Janner child sex abuse hearing postponed till March 2017

The late peer's lawyers insist he was 'was an honourable man, entirely innocent and never convicted of any crime'

Lord Greville Janner

The Goddard Inquiry into historical child sex abuse has postponed its hearings on Lord Greville Janner until next March in part because of another probe into the way Leicestershire Police handled allegations against him.

It comes as lawyers for the former Labour peer’s family hit out at the Inquiry’s “wholly unfair” suggestion that a “finding of fact” may still be made, and argued that allegations against Janner should be excluded altogether.

“The role of the Inquiry is to investigate whether public bodies and other non-state institutions have taken seriously their duty of care to protect children from sexual abuse,” a family lawyer said. “Lord Janner was an individual not an institution.”

He added that a “finding of fact” would be “wholly unfair as Lord Janner is dead and there is no right to cross-examine witnesses on his behalf”.

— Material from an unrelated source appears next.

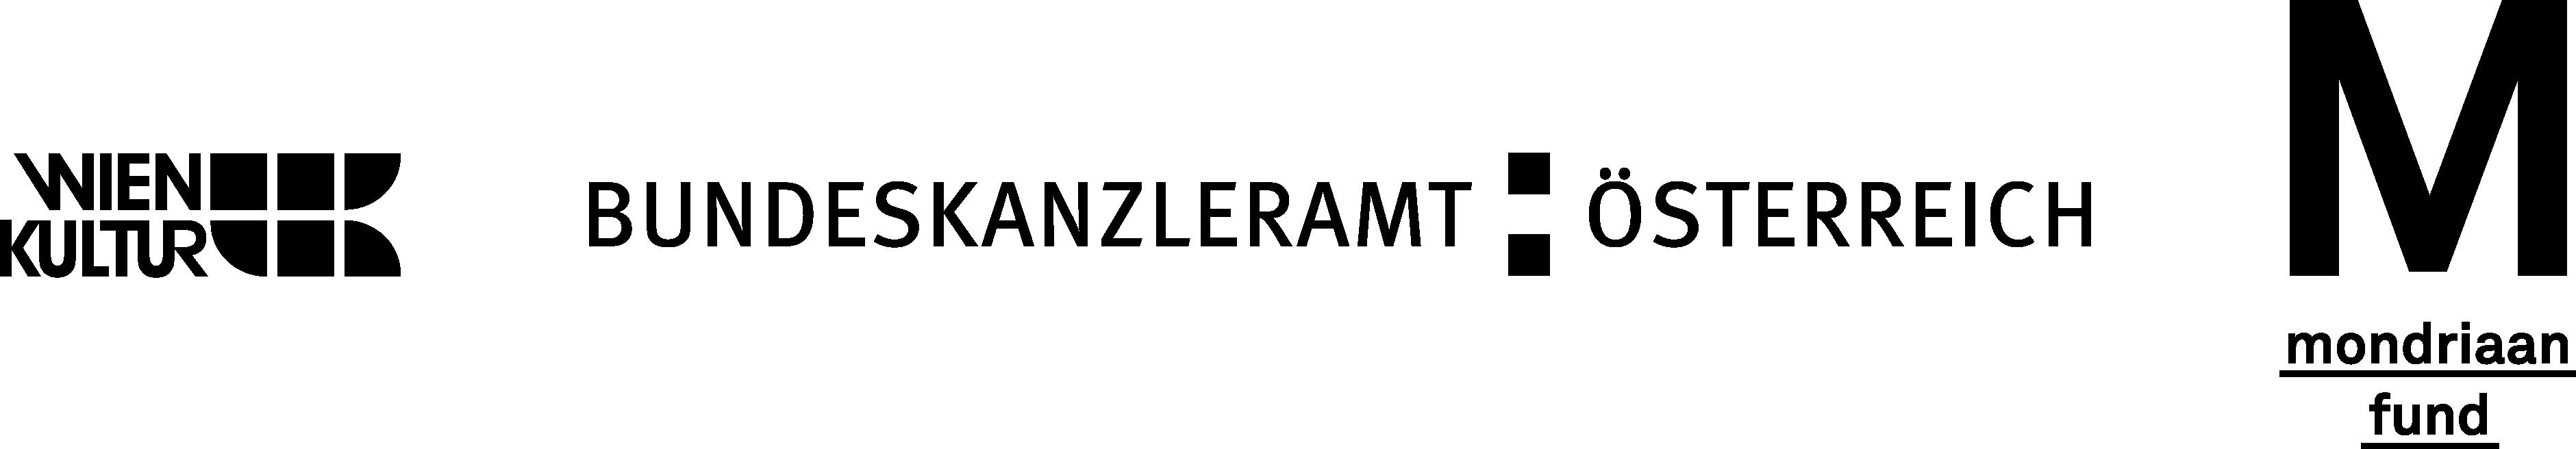 Logoleiste_tight

The family’s reaction comes after the Inquiry postponement, which itself followed a decision by the Independent Police Complaints Commission to serve criminal and gross misconduct notices on 11 people over the alleged mishandling of complaints in April last year.

Janner, who had dementia, died last year aged 87, while awaiting a so-called trial of the facts based on 22 allegations of historical sexual offences against nine boys, many of whom were in care at the time.

He was subject to three police investigations between 1991 and 2007, but never charged. Commenting on suggestions that police officers undermined victims, retired High Court judge Sir Richard Henriques said it amounted to a “remarkable’ failure”.

Janner’s family have always insisted he is innocent of any wrongdoing, with the lawyer saying: “He was an honourable man, entirely innocent and never convicted of any crime.”